Significant Stories Told
[In the following review, Wyngaarden offers a favorable assessment of Significant Sisters.]
Illuminated in this compellingly written book [Significant Sisters] is the progression of women's rights in England and America. Forster weaves together the stories of the life work of eight extraordinary women into a satisfying whole.
The book's importance lies in telling not of how radicals have always been treated—ridiculed, abused, ostracized, isolated—but how and why these sisters persevered in the fact of such treatment and, more important, the meaning of their accomplishments.
Divided into eight sections, the book covers eight major areas of experience and includes a brief biography of a woman who effected vital change in that area, benefitting women and men of every subsequent generation.

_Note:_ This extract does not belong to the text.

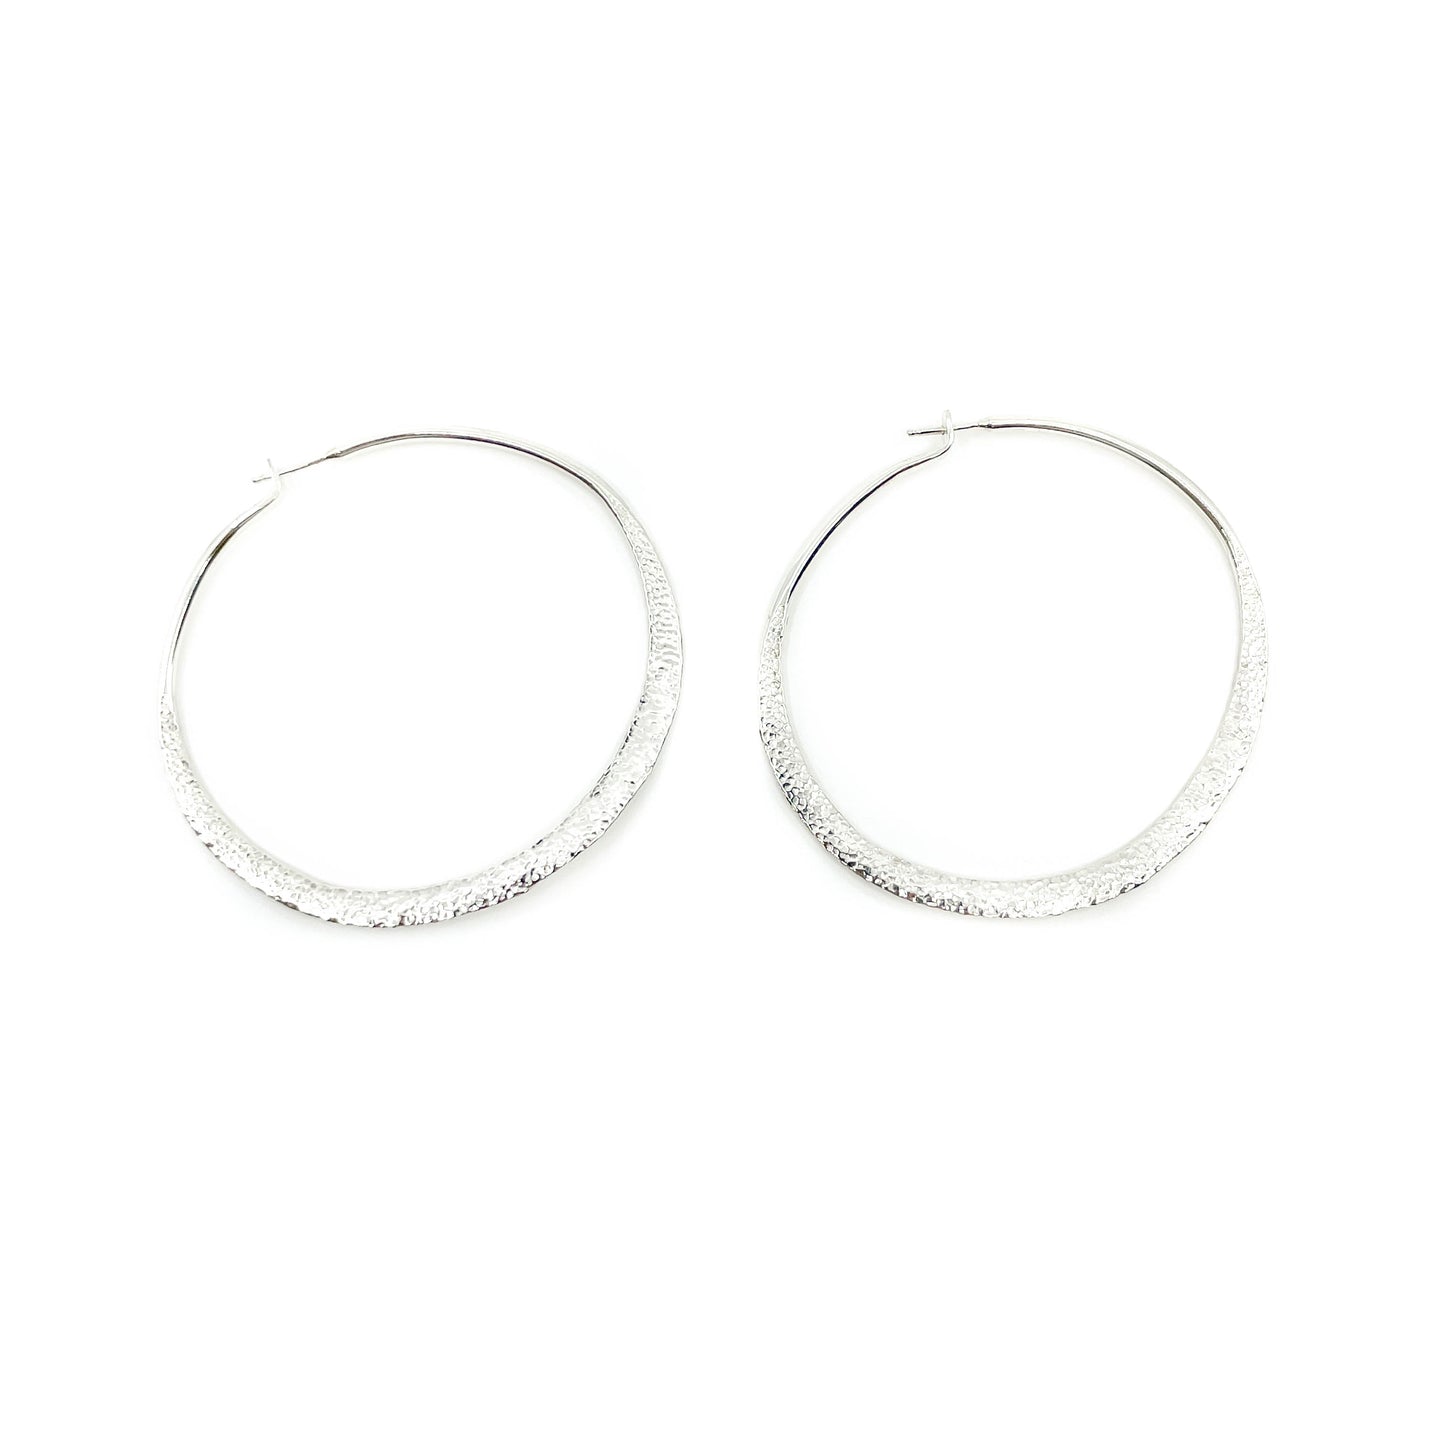 Load image into Gallery viewer, Sterling silver hand hammered and textured, wavy hoop earrings by Elgin Tom Sterling silver posts  Approximate dimensions: Hoops are 2.25 inches in diameter and just shy of 1/4 of an inch wide at widest flat area on bottom of hoop
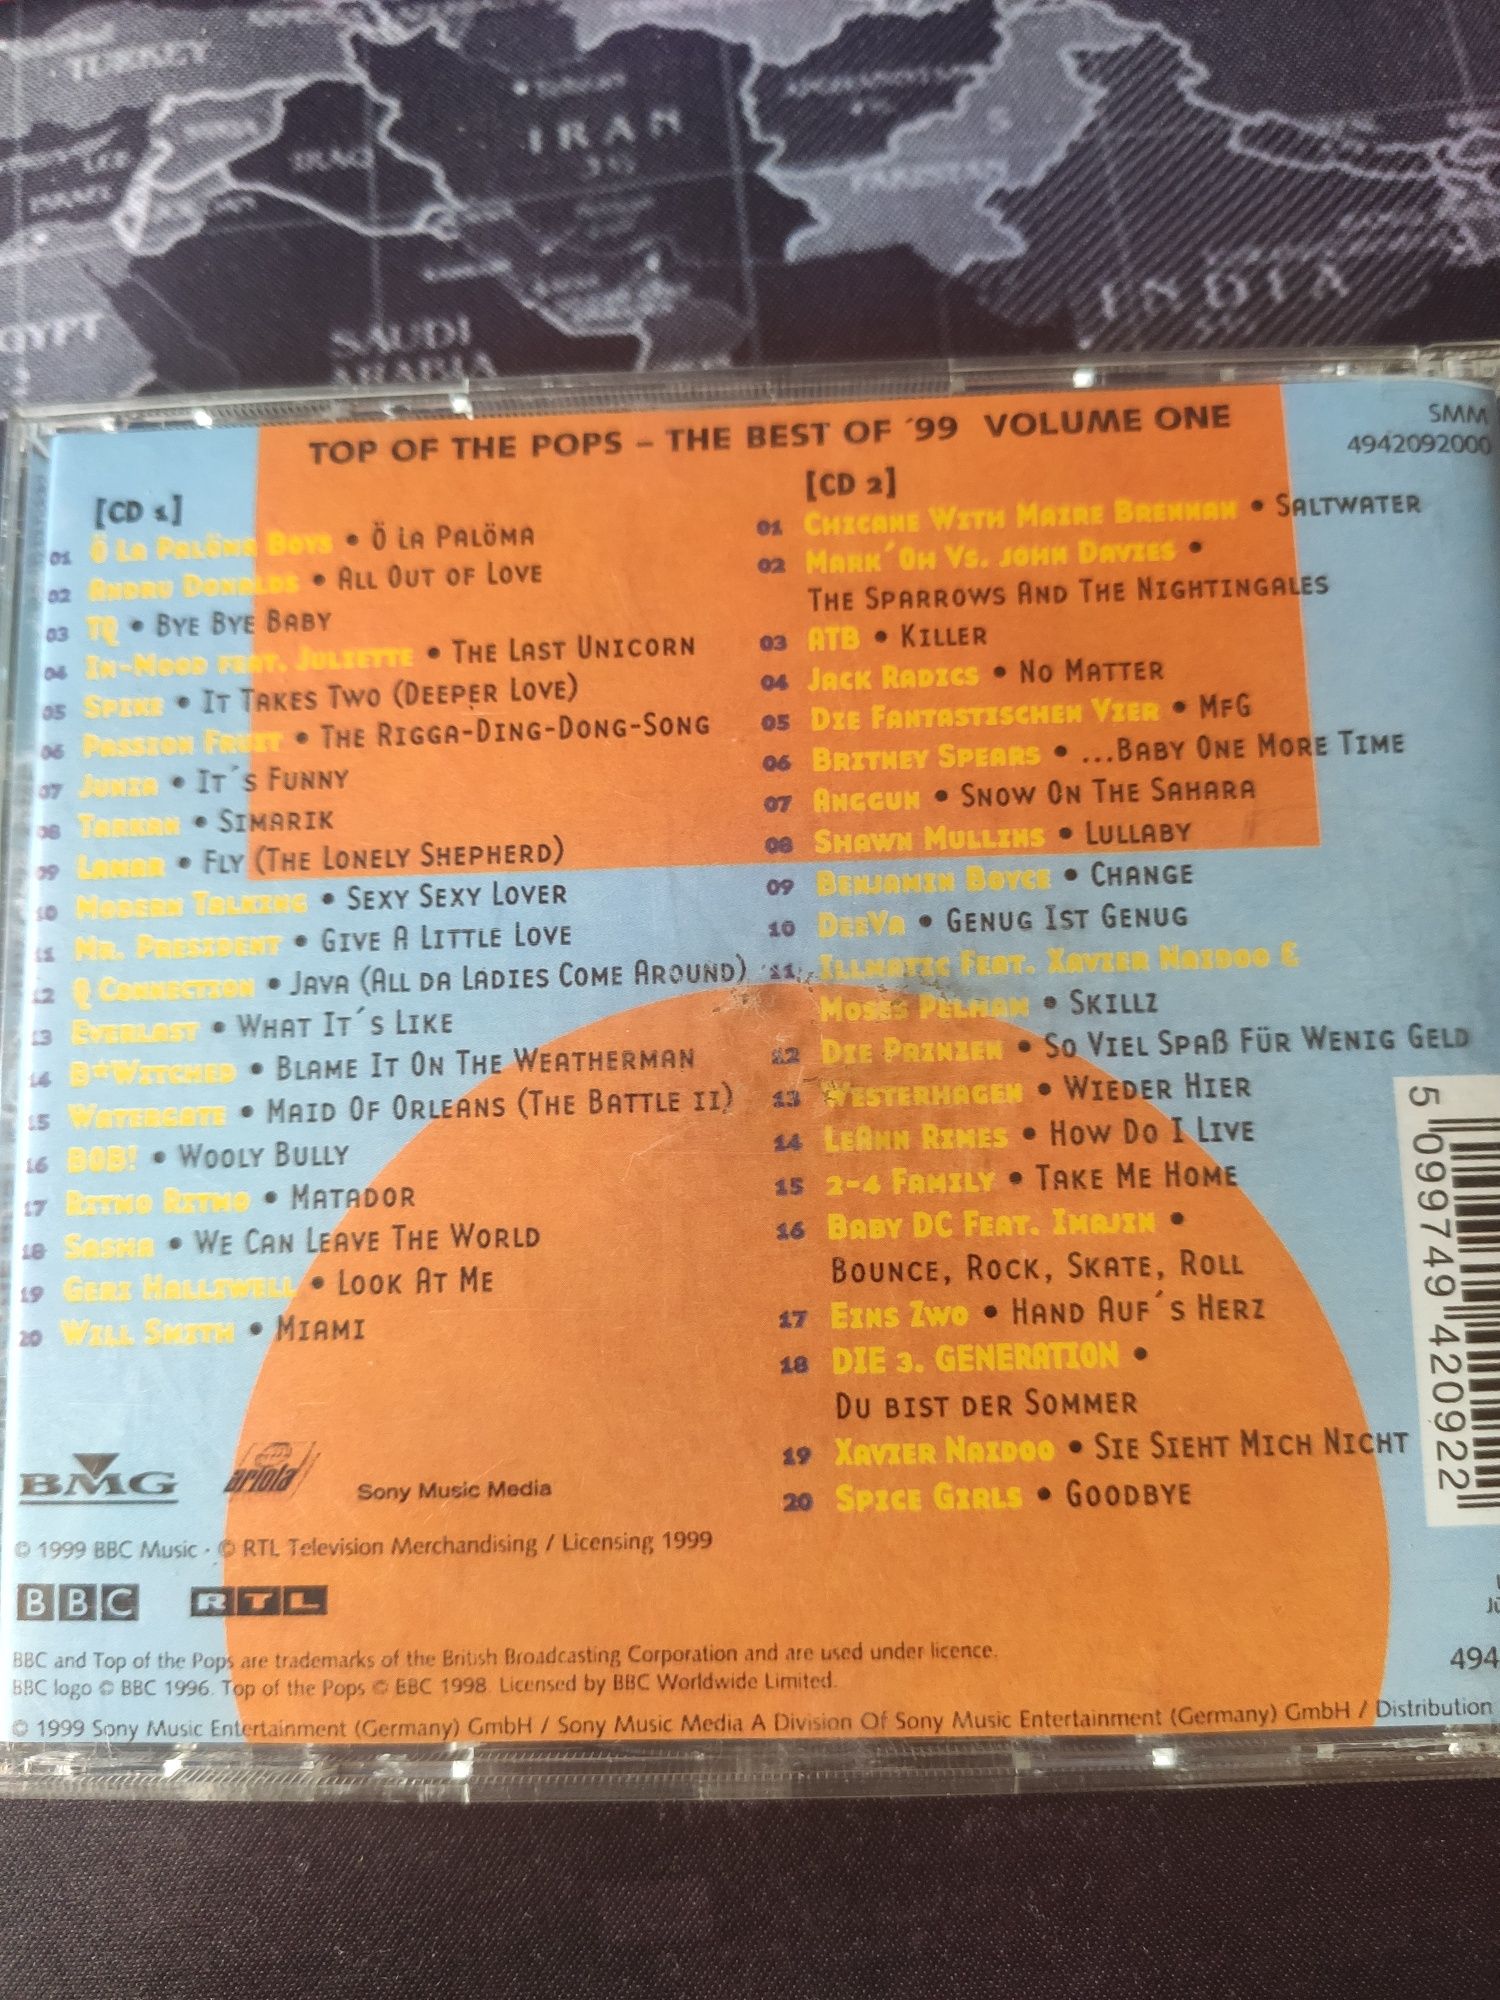 Top of the pops the best of '99 volume one 2CD

Forster's subjects' lives span 1808 to 1966. Caroline Norton, an Englishwoman little known to an American audience, was the first born. She succeeded in dramatically changing English law as it applied to married women. And the last to die, Margaret Sanger in 1966, whose magnificent contribution was to publicly separate sex from procreation, freed women from a seemingly implacable biological imperative.
In between, the author considers Elizabeth Blackwell's life and its impact on the professions; Florence Nightingale and employment; Emily Davies and education; Josephine Butler and sexual morality; Elizabeth Cady Stanton (whose BBC Hulton Picture Library photograph is the first this reviewer has seen which conveys Stanton's joy of life, intelligence and comeliness) and politics; Emma Goldman and ideology.
This well-written, lively book will be enjoyed even by those already familiar with the lives of the subjects. It could admirably serve as the text of a Women's History introductory course.
An interesting chart in the back of the book, applicable only to Great Britain, shows feminist progress in the context of general changes. Forster states that a comparable chart of American progress is not possible because of the varying developments from state to state. Sounds like 50 terrific research projects for students across the country.